"""

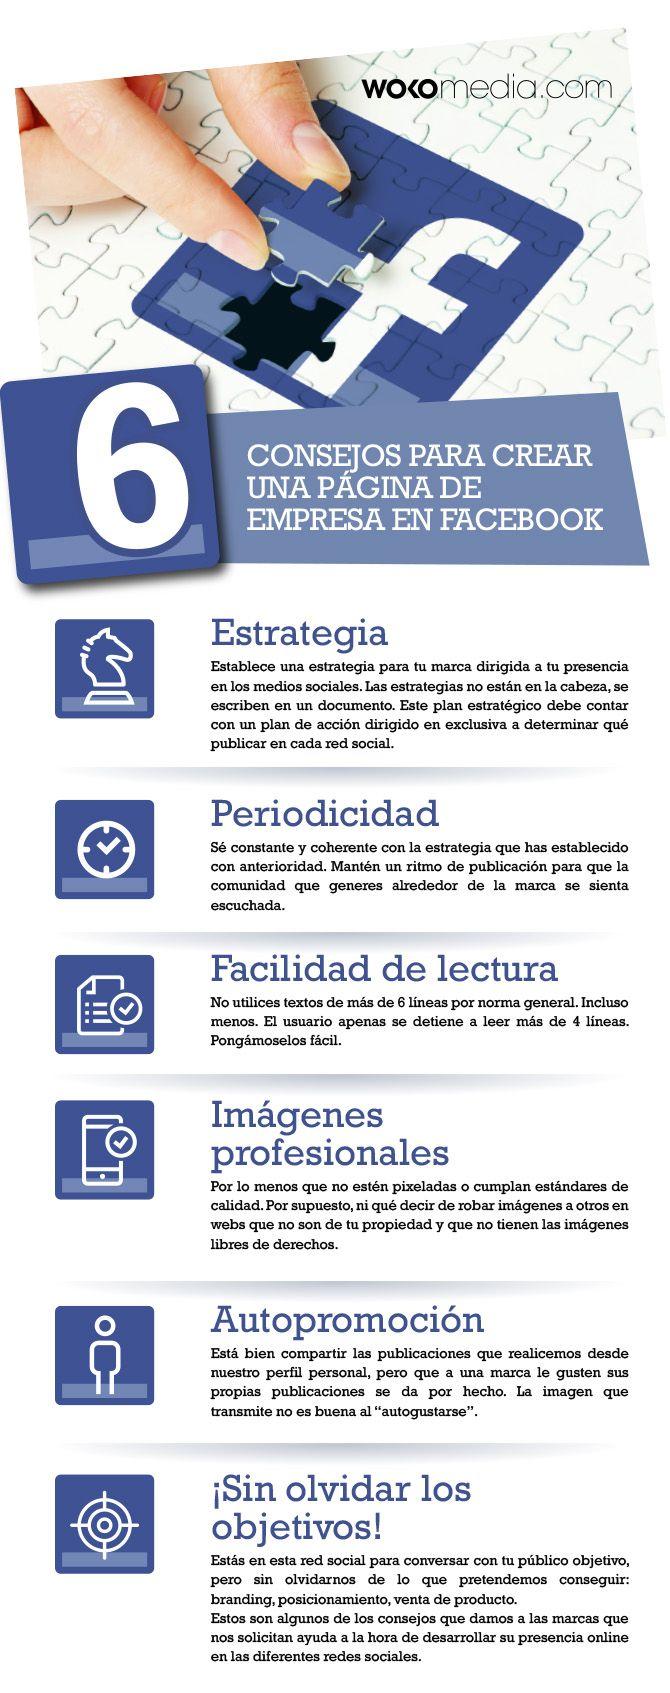 6 consejos para crear una página de Facebook de empresa. Infografía en español #CommunityManager
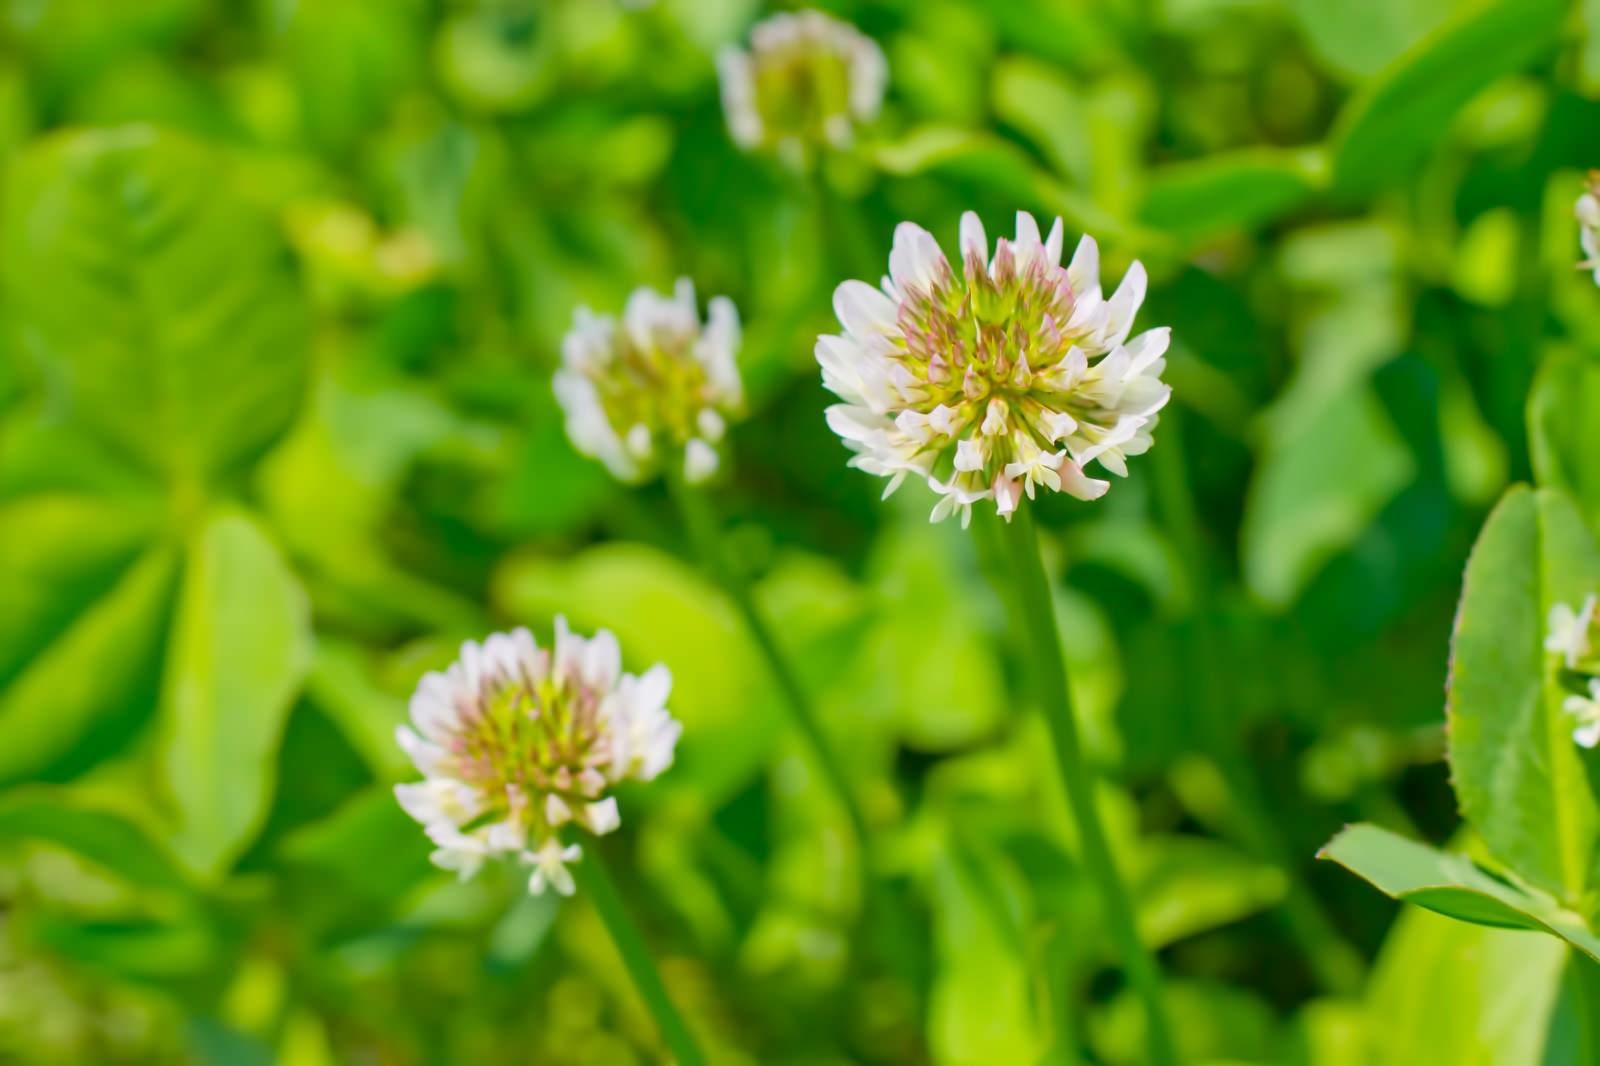 「シロツメグサの花」の写真
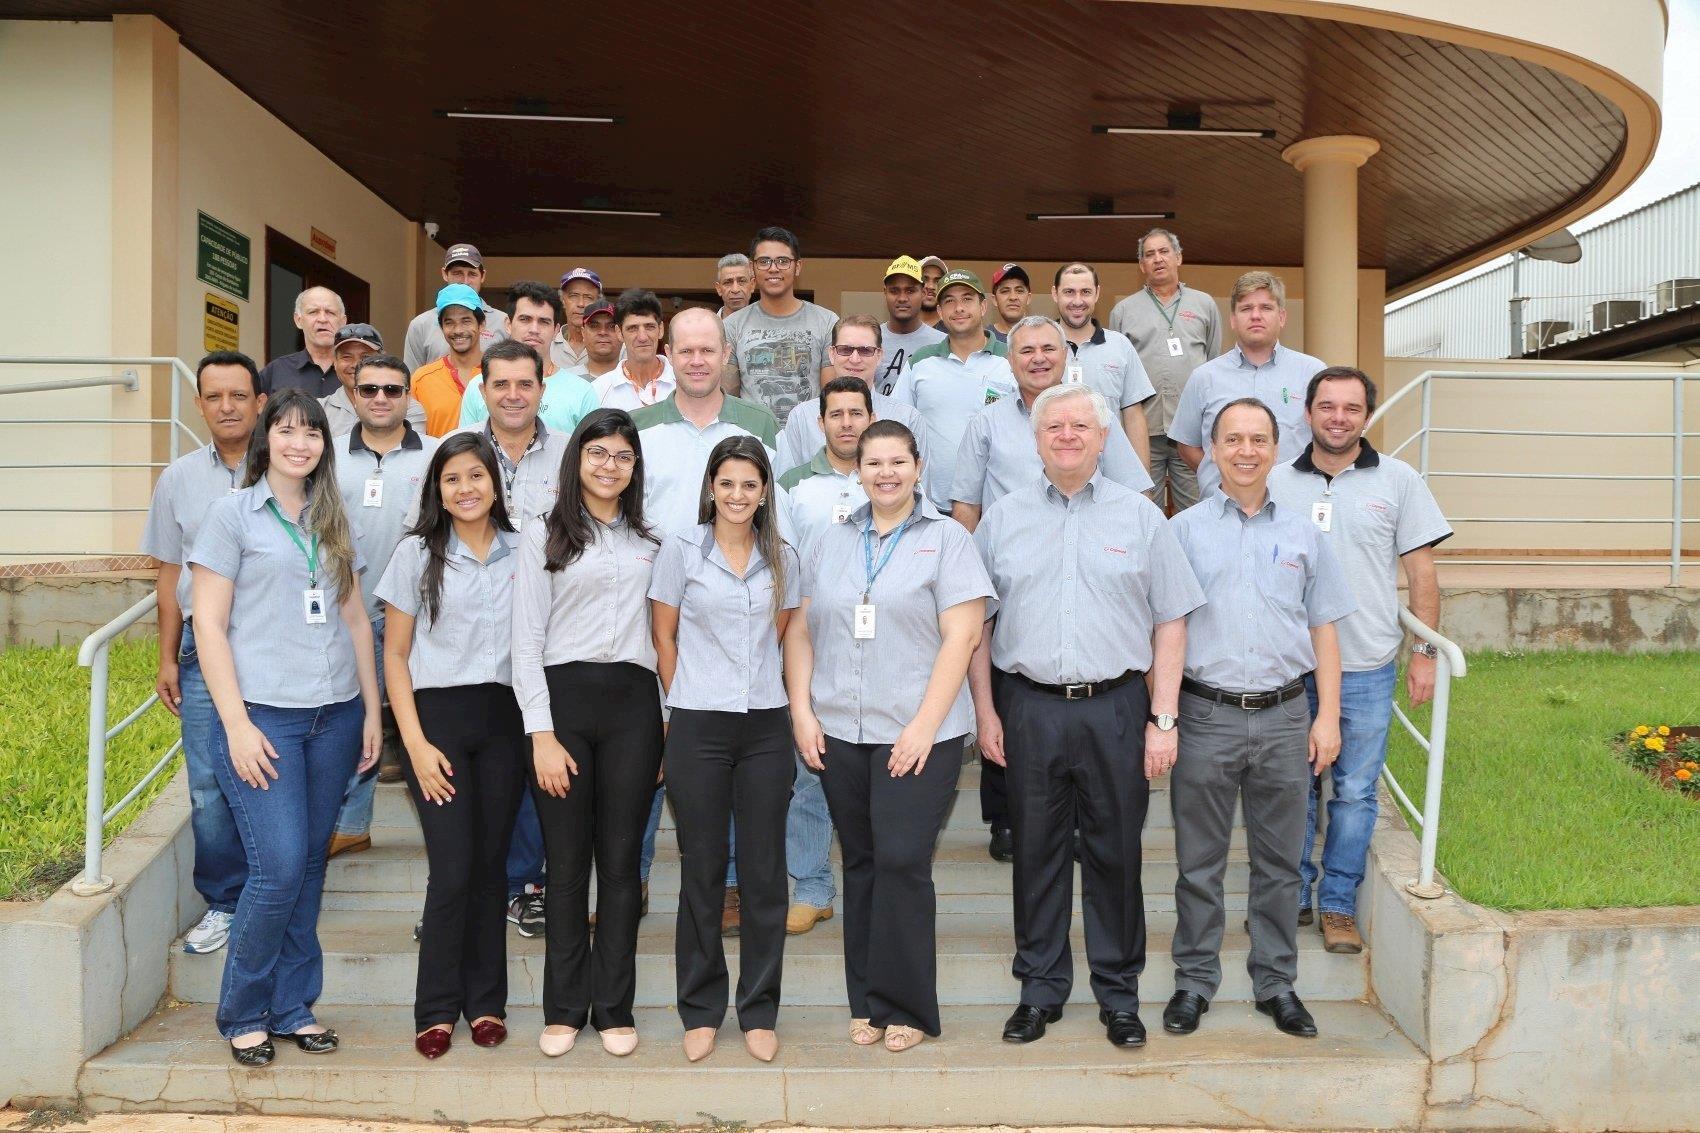 Copacol comemora 55 anos e relembra início da cooperativa
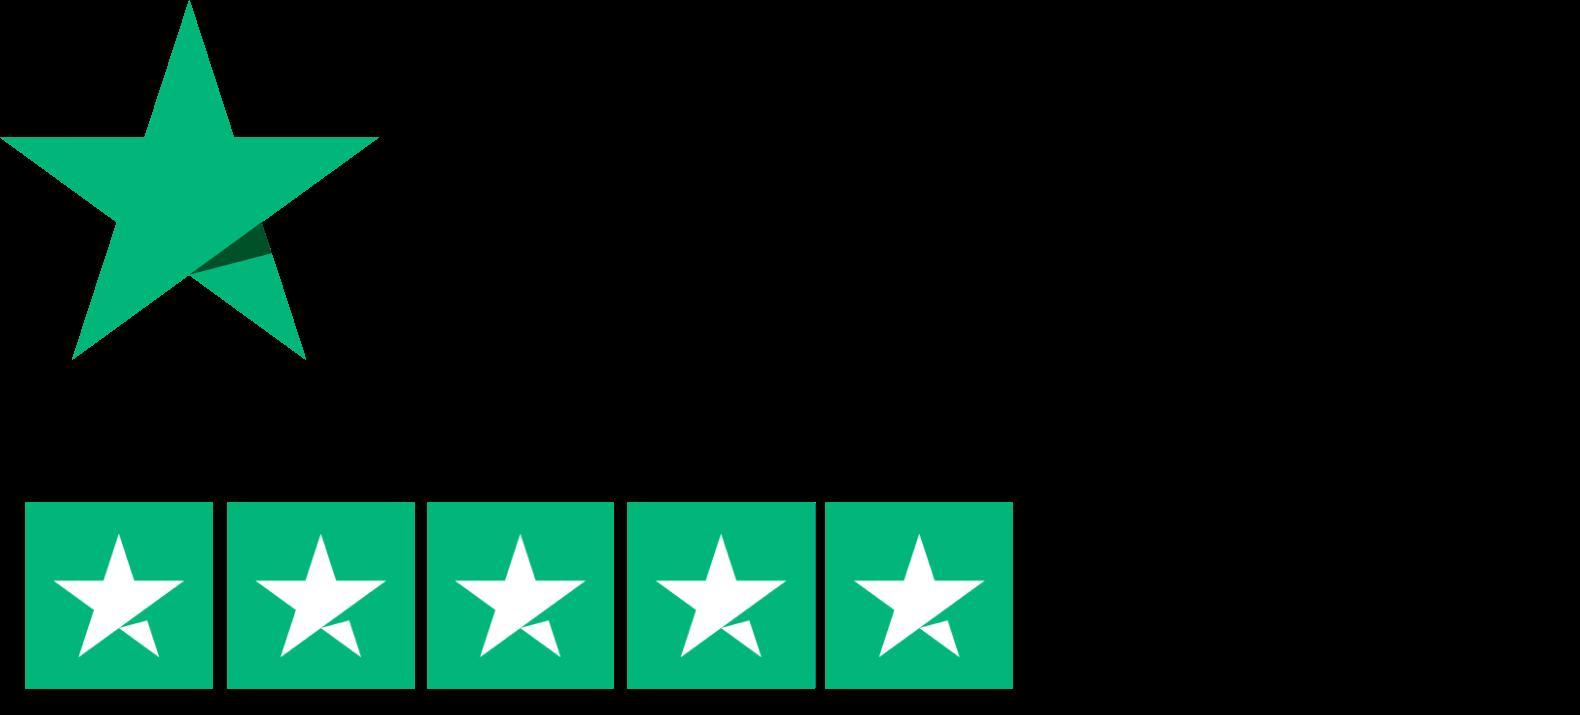 Trustpilot widget stars
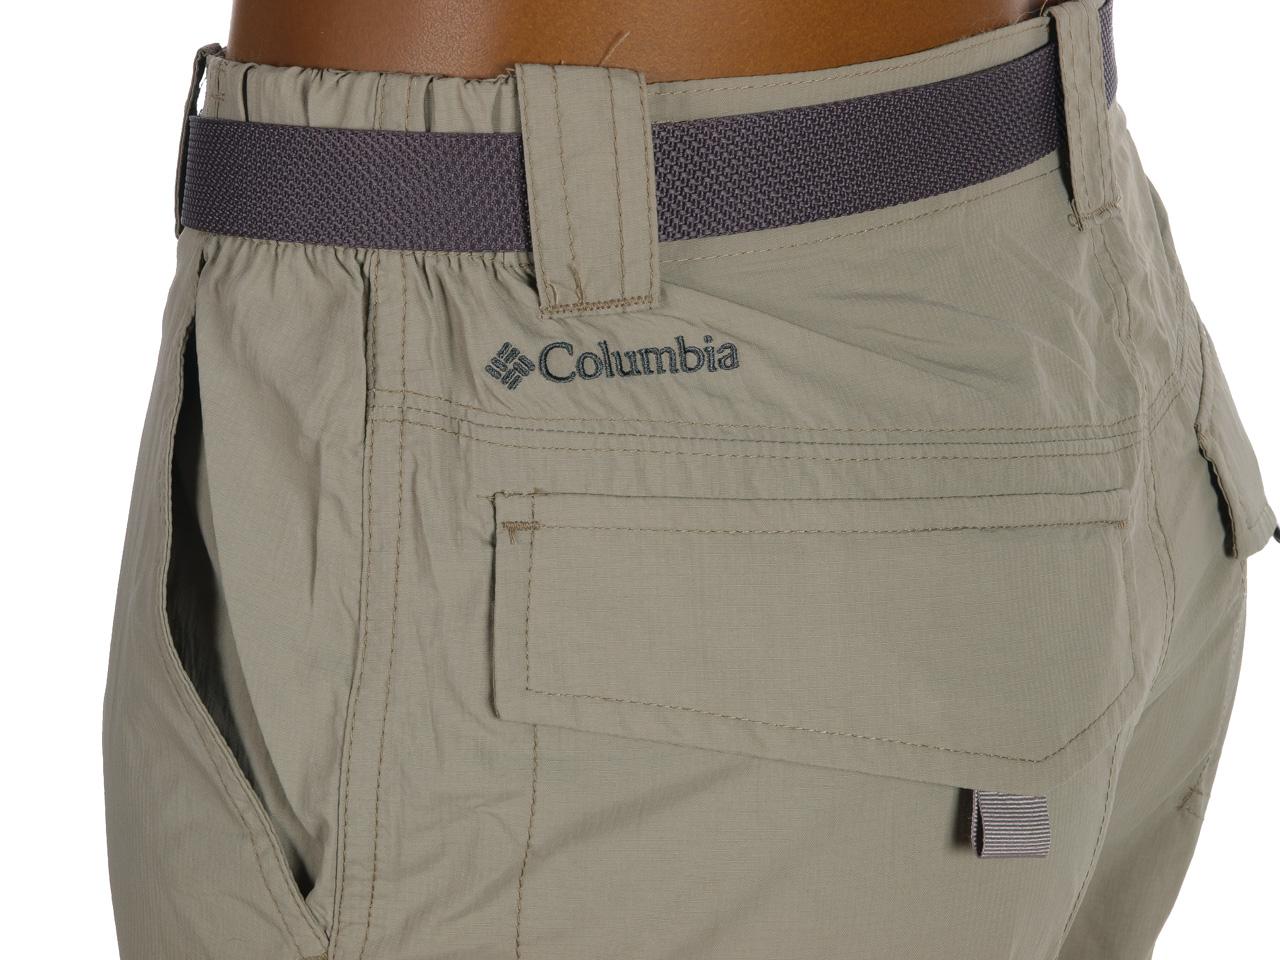 Pantalon-trekking-randonnee-Columbia-Silver-tusk-convertible-Marron-24395-Neuf

"""

What needs to be done » Would it be possible to print the records above verbatim, pictures omitted?

Response to this exercise »
 6 consejos para crear una página de Facebook de empresa. Infografía en español #CommunityManager
 「シロツメグサの花」の写真
 Copacol comemora 55 anos e relembra início da cooperativa
 Trustpilot widget stars
 Pantalon-trekking-randonnee-Columbia-Silver-tusk-convertible-Marron-24395-Neuf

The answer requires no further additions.